I Get Frightened Too: A Few Words About The New, Lost Television Personalities Album From Fire Records
There have been a wealth of Television Personalities re-issues in the last few years, and a reader has only to click on that TVP tag at the bottom of this post to see my take on those. And for a band that's long been deserving of the proper treatment in terms of re-issued music, it's been Dan Treacy's lucky day as his genius seems more appreciated now than back in the Nineties. Now, seemingly out of nowhere, a lost Television Personalities album has been unearthed. A sort of demo version of Closer To God (1992) in some ways, the record works on its own as a document of Treacy in the era.

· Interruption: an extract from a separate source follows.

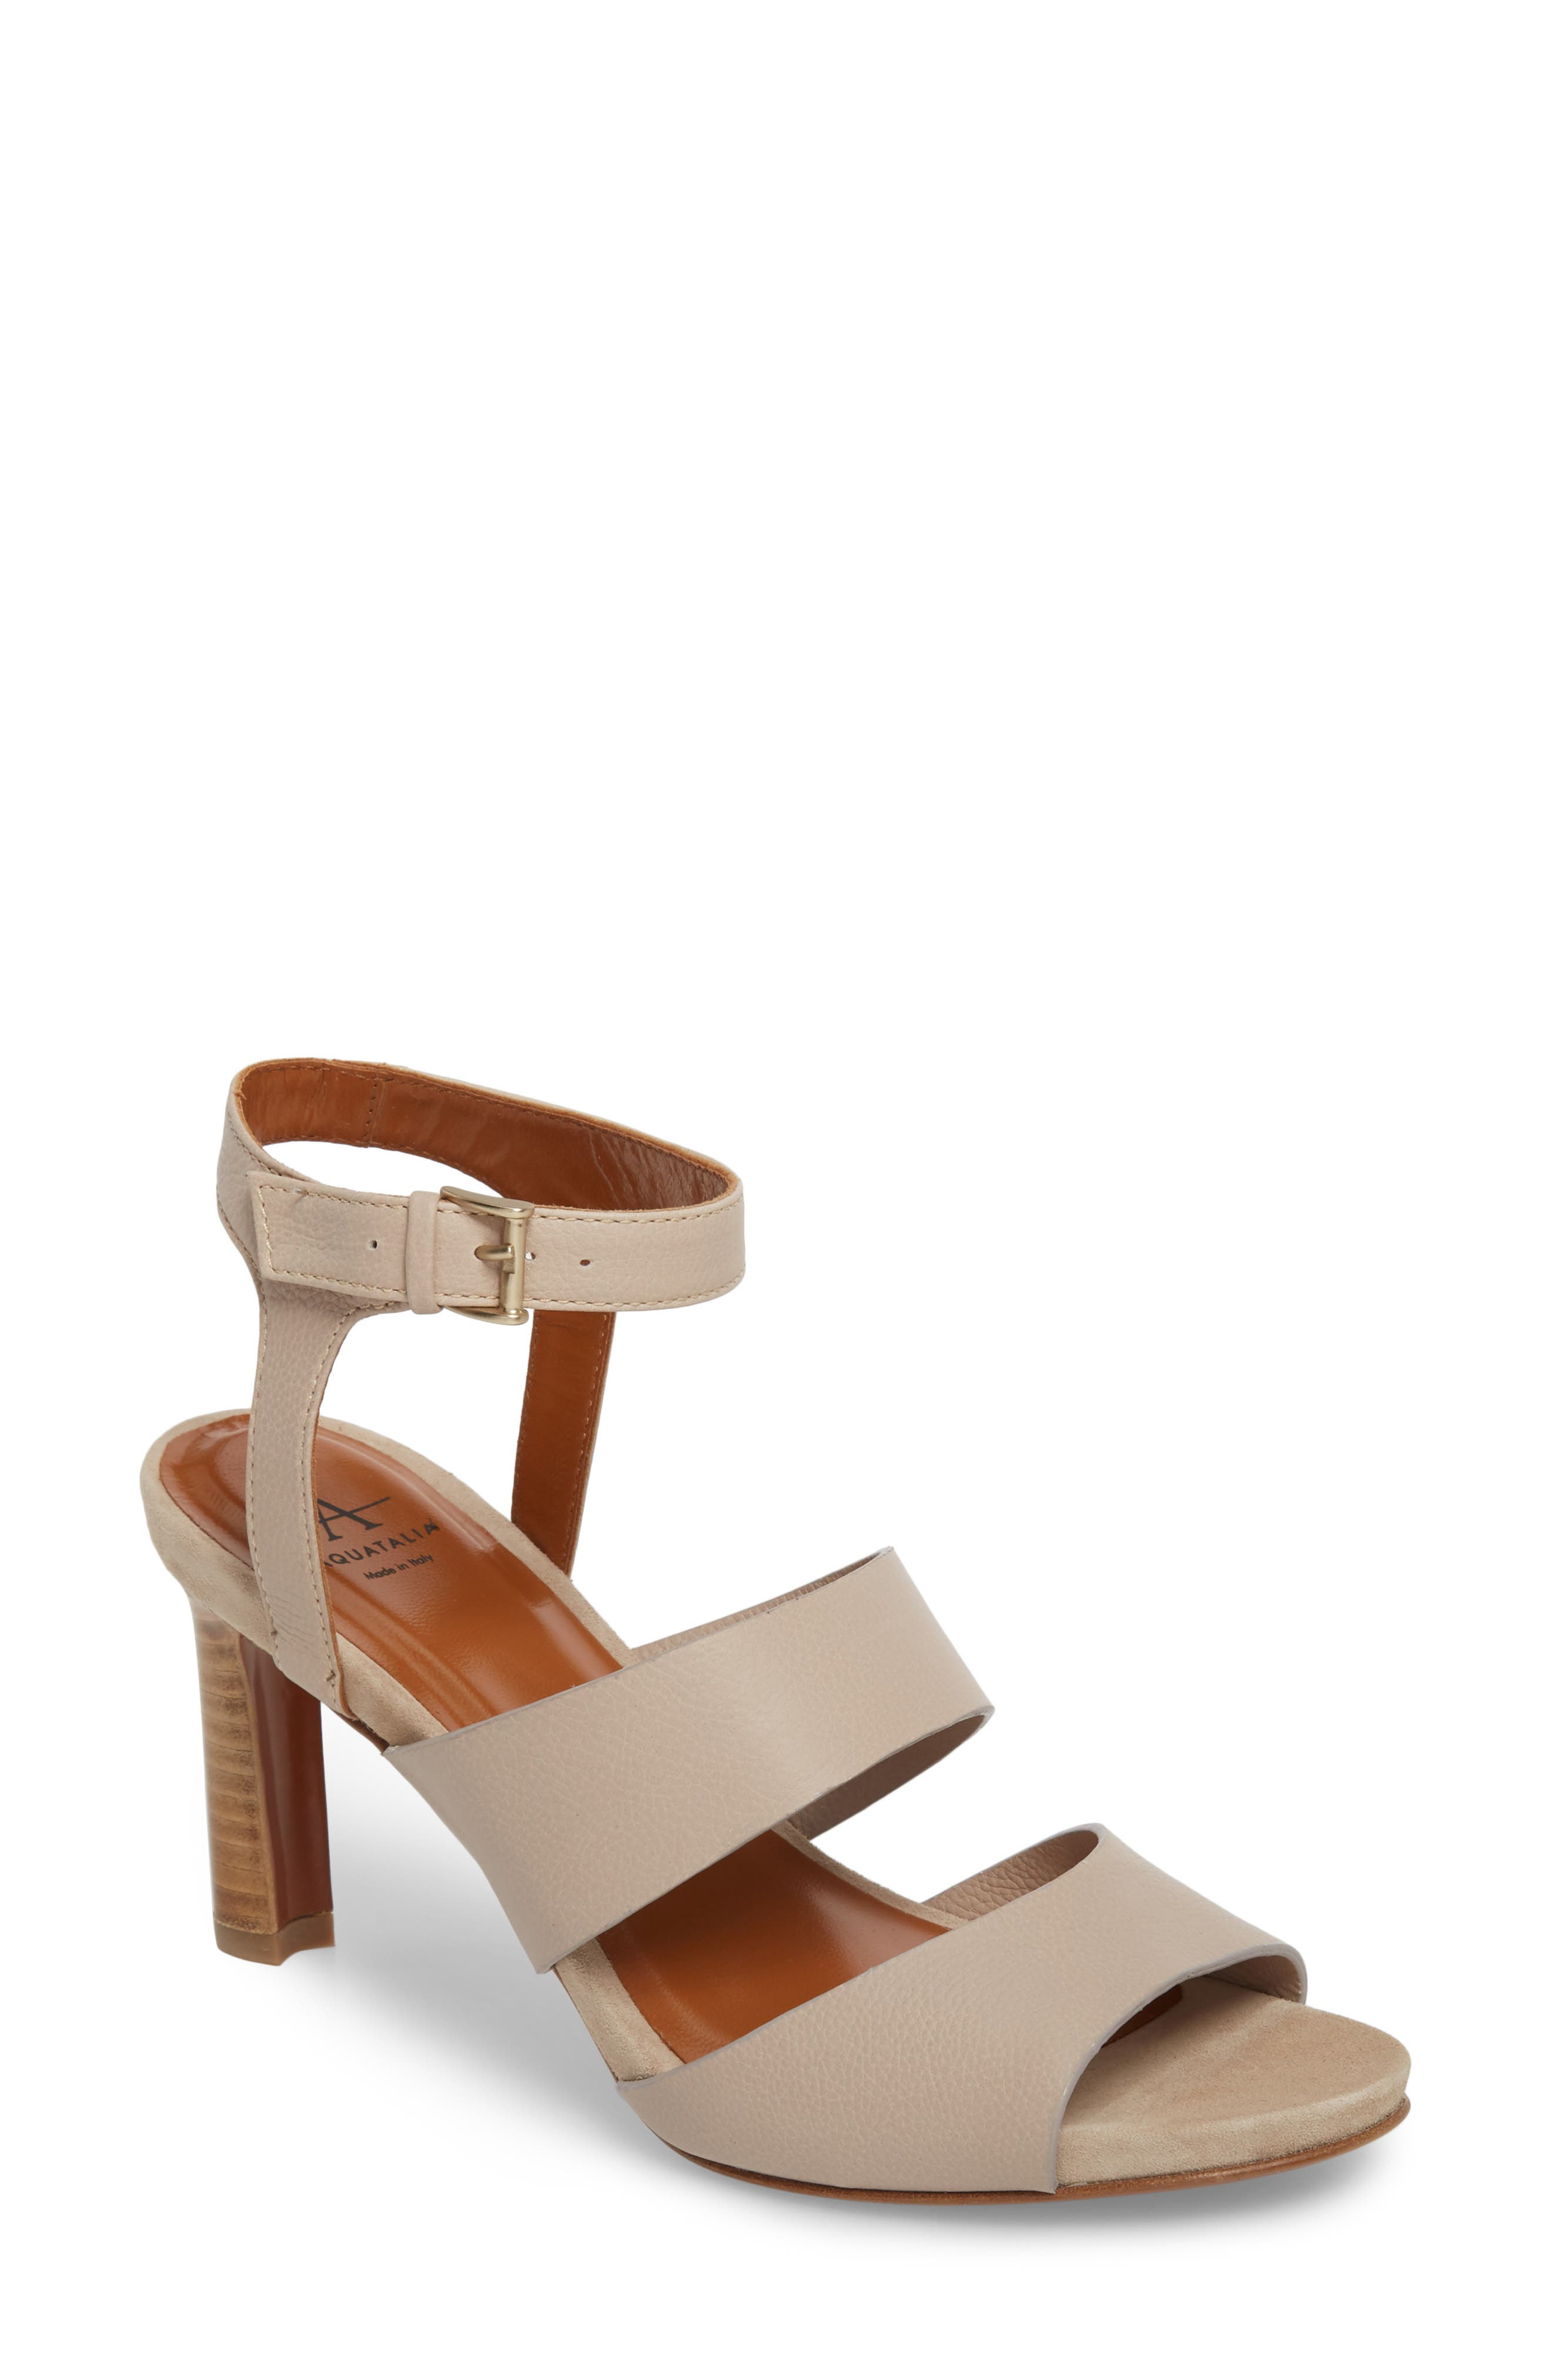 Aquatalia Women's Basha Ankle Strap Sandal T6WhXOJV

Beautiful Despair, out today on the fine Fire Records, is an album that was recorded in 1990 with just Jowe Head and Dan Treacy. The tracks are, in spots, a tiny bit lo-fi, but they are every bit as original and inventive as the best Treacy compositions. At times here, like on the funny "Love Is A Four-Letter Word" and the title cut, Treacy edges into the sort of territory later covered by Jarvis Cocker in Pulp. Elsewhere, "I Get Frightened Too" oozes a kind of bedsit drama, while the excellent and subtly soaring "Goodnight Mister Spaceman", from the band's Closer To God record, sees Treacy and Jowe Head attempt a Bowie-style number on a limited budget. That the song works so well says a lot about the seemingly-unflagging talents of Treacy in the era in which these cuts were recorded. "My Very First Nervous Breakdown", also from Closer To God, is suitably claustrophobic in this version, while "Honey For The Bears", also from that same record, is languid and sublime in the rendition presented here on Beautiful Despair.
A genuine curiosity for fans of Television Personalities, Beautiful Despair works as both a document of Dan Treacy's methods as a songwriter, and as a record on its own. Decidedly intimate, and wonderfully under-produced, this is one record that reveals a great deal about how the legendary Dan Treacy crafted such enduring material, in this setting with only Jowe Head (Swell Maps) helping him out.